Mean levels of methylation in high- and low-intermediate-grade tumors
The mean levels of methylation in the high-grade tumors were next assessed by pyrosequencing (right-sided panel of, and ); for eight of the ten genes, mean levels of methylation were significantly greater in high-grade tumors relative to their low-intermediate-grade counterparts. In addition, and as low-intermediate-grade tumors were not subject to array analyses relative to normal bladder, further pairwise testing was performed. This analysis identified significant differences between mean levels of methylation in the low-intermediate-grade tumors and normal bladder in four of the ten genes assessed. The range, distribution and mean levels of methylation are shown in , and show for each of the genes, a stepwise trend toward increasing methylation from normal bladder to low-intermediate and high-grade tumors.

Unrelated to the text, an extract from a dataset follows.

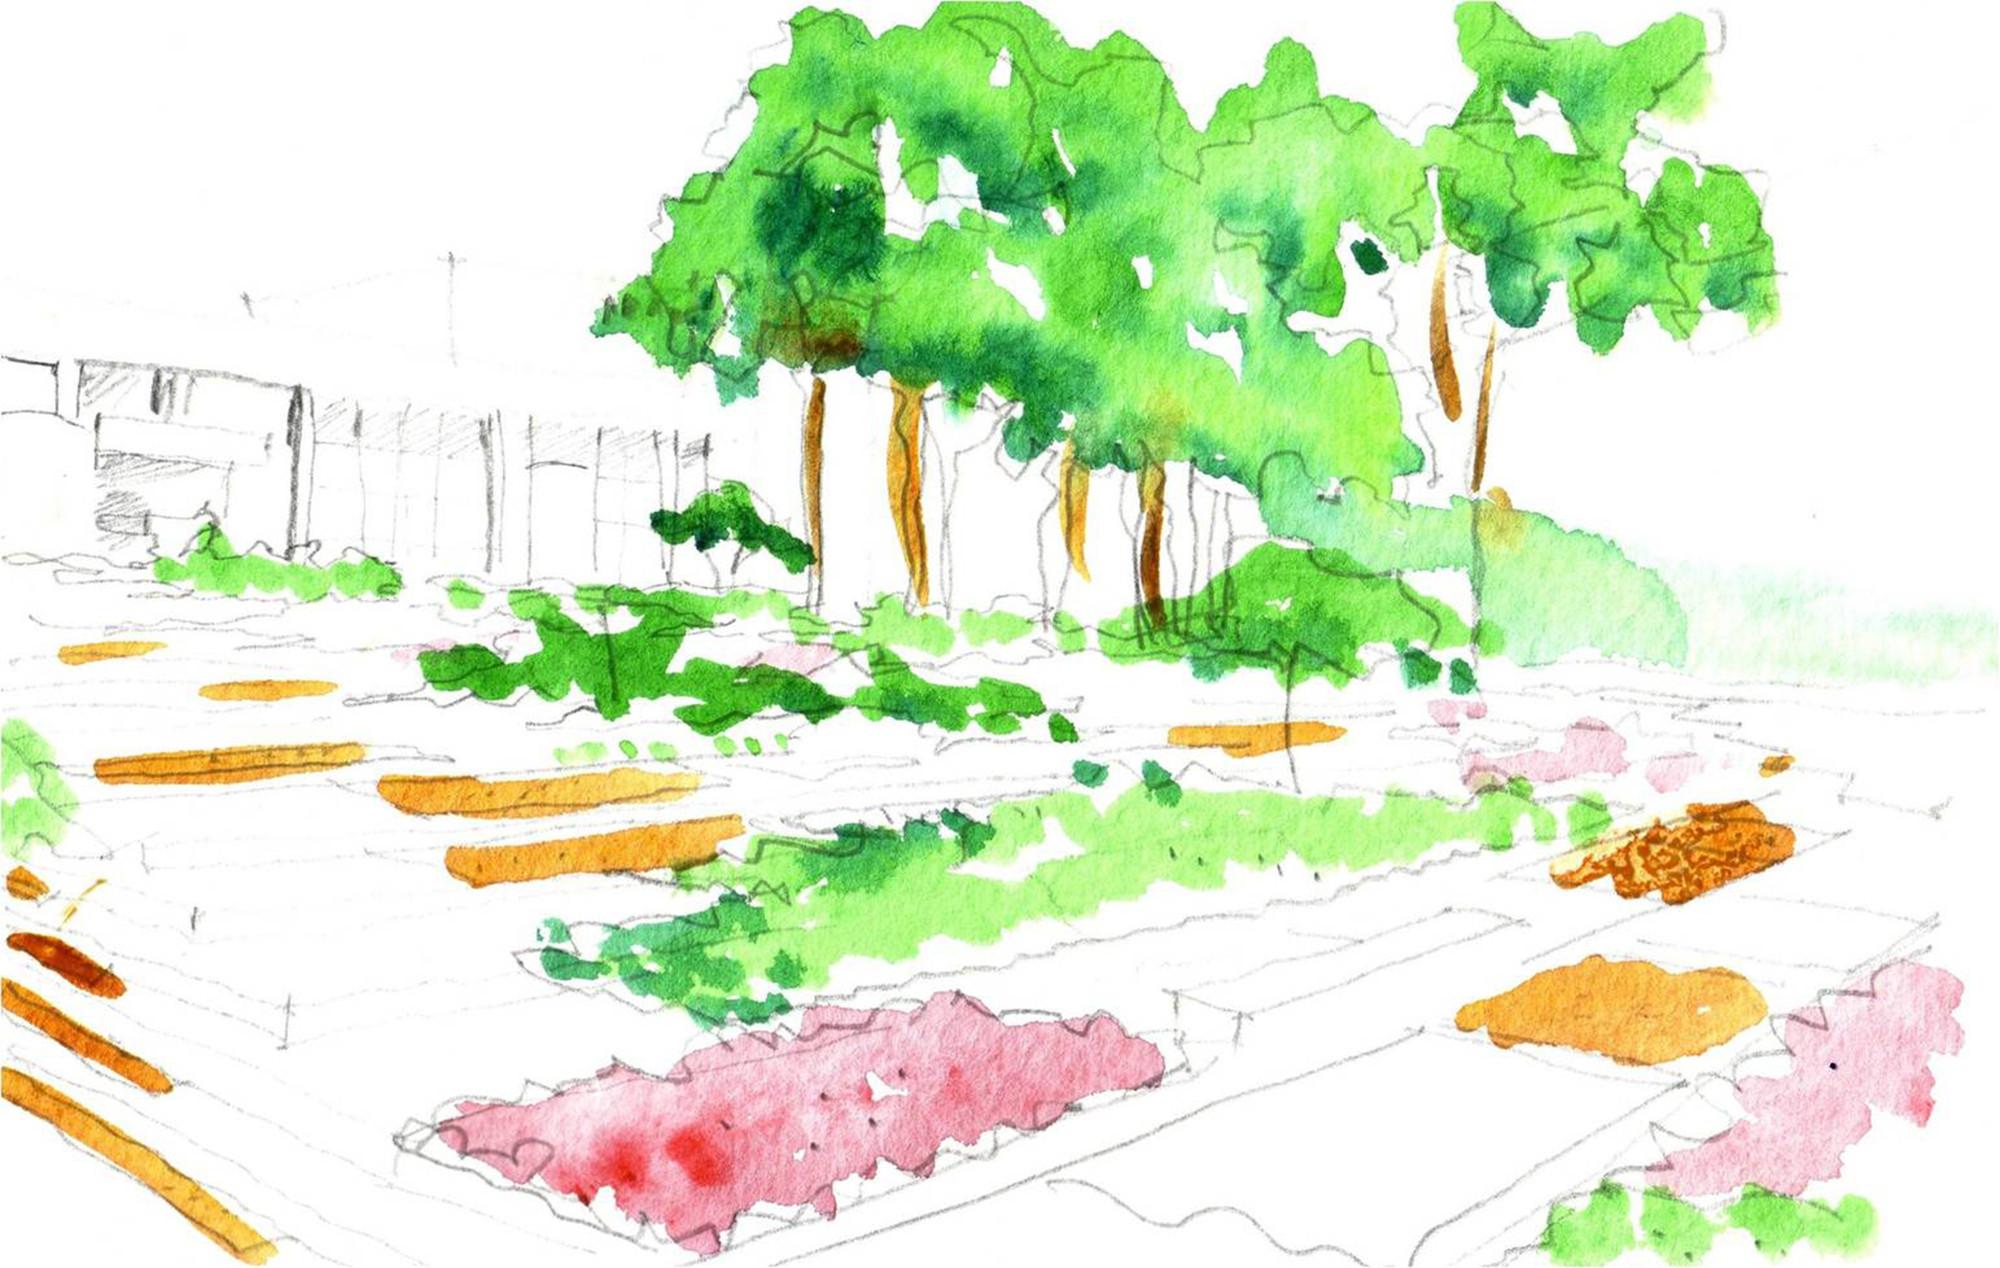 Arquitectura y paisaje espacios verdes colectivos para for Arquitectura del paisaje

Figure 4. Mean levels of methylation in high-grade tumors relative to low-intermediate-grade tumors and normal bladder. Top ten genes showing an increase in mean level of methylation (solid red bar) in high-grade tumors (HG, n = 51) relative to low-intermediate-grade tumors (LG, n = 18) and in comparison to normal bladder controls (C, n = 4). Each individual control or tumor sample is shown as an unfilled blue circle. Significant differences in the mean levels of methylation between the low-intermediate- and high-grade tumors, or between control and low-intermediate-grade tumors, are indicated by *, P<0.05, or **, P<0 .005 (Student's T-test).
Methylation-associated changes in gene expression
Across the high-grade NMIBC tumors, sufficient sample was available for gene expression analyses for 17 of the 25 genes. With the exception of the ARHGEF4 gene, promoter-associated CpG island methylation was negatively correlated with transcript expression for all genes assessed (data not shown). Furthermore, the presence of promoter methylation was significantly correlated with reduced transcript expression for the PON3, STAT5a and VAX2 genes (Spearman's correlation coefficients −0.60, −0.50 and −0.48 respectively, all P<0.05). Conversely, promoter methylation was significantly positively correlated with gene transcript expression for the ARHGEF4 gene (Spearman's correlation coefficient 0.62, P<0.05). shows the expression levels for these four genes across the high-grade tumors.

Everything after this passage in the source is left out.